THE LEGEND OF ZELDA: THE WIND WAKER
Alright, the first person who makes a height comparison between myself and Link is getting an axe up his ass.
Well, Gamecube’s sales haven’t been exactly stellar, so now’s as good a time as any for Nintendo to trot out all the old franchises that everyone’s been waiting for.
Zelda’s finally back and yeah, the graphics look like a fucking Disney cartoon. But give it a chance. Trust me. You’re already reading a review written by a fucking vegetable, you might as well listen to me, fuckface.
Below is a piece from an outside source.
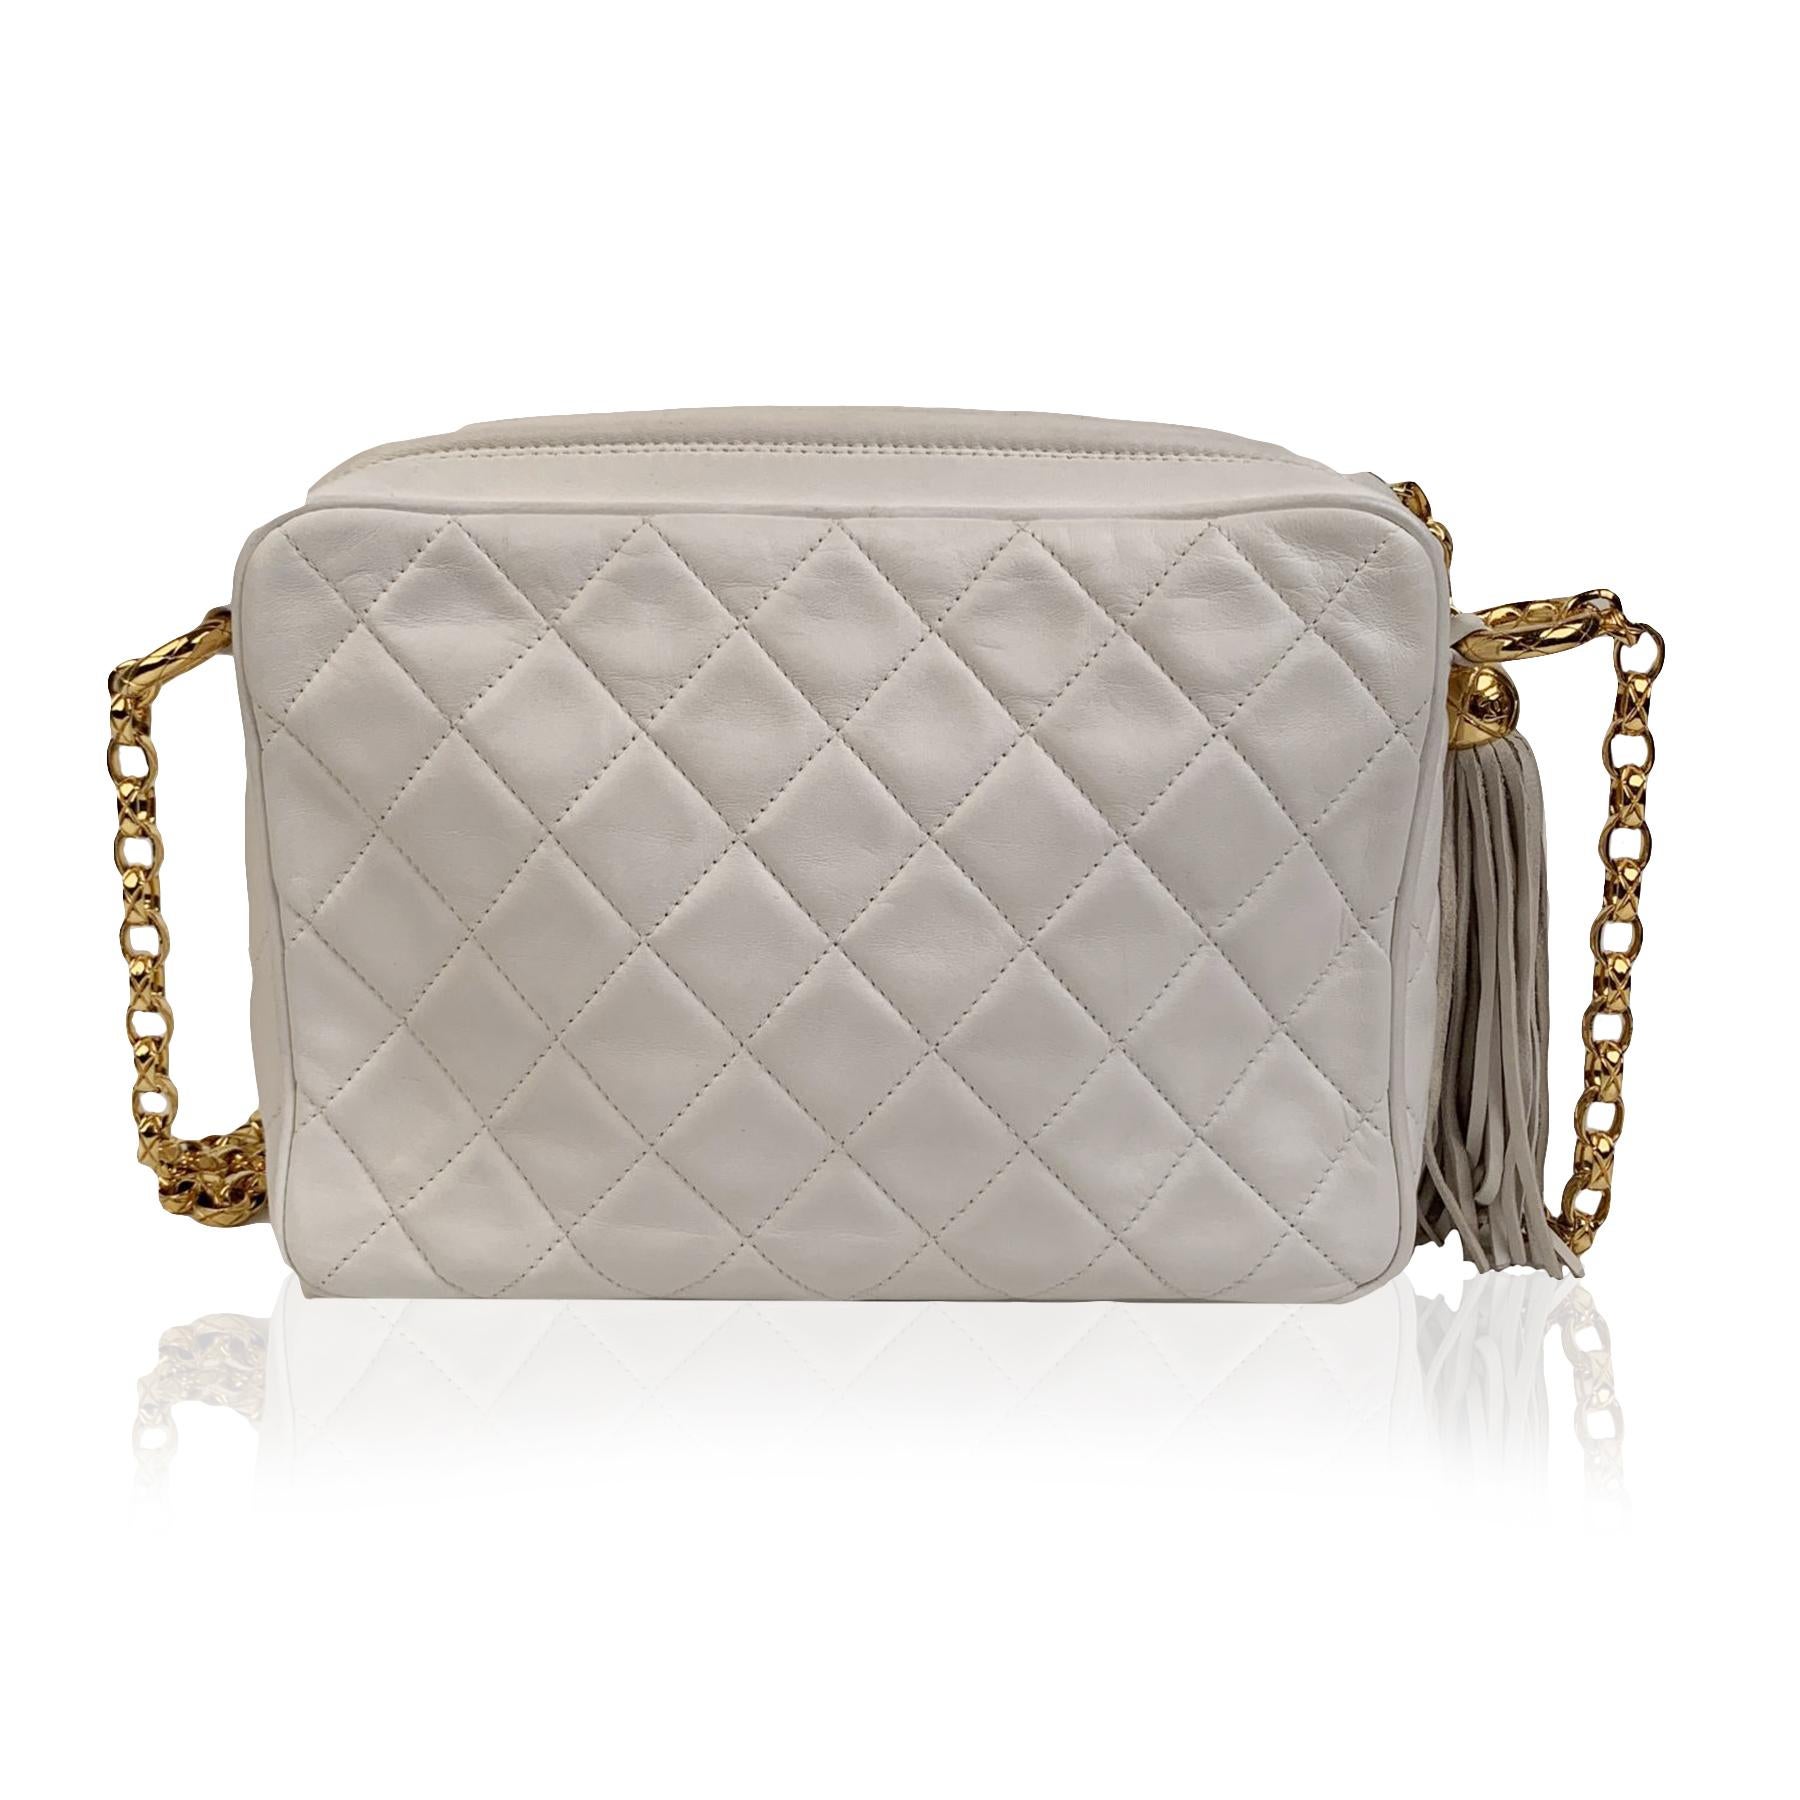 Chanel Vintage White Quilted Leather CC Stitch Camera Bag 2

In this latest adventure (fuck, how cliché does that sound?) Link is back to being the small boy we remember from the first game on the NES back in the 80’s or whenever the fuck that was. The graphics definitely jump out at you and are absolutely amazing to see in motion. Believe me, the game controls just as tight as it looks. It doesn’t hurt that you’re given an EXTREMELY huge world to explore. The catch? It’s covered with ohh, say 90% water. Not to worry, Link is able to navigate with his talking boat (ok yeah, it sounds dumb, but stick around) and his ability to control the wind.
With cool innovations like using the dynamic of wind direction in situations beyond getting your boat to move, several extremely challenging dungeons and AWESOME boss fights, the
newest Zelda game more than pays for itself. Expect a good 20 hour game with TONS of sidequests.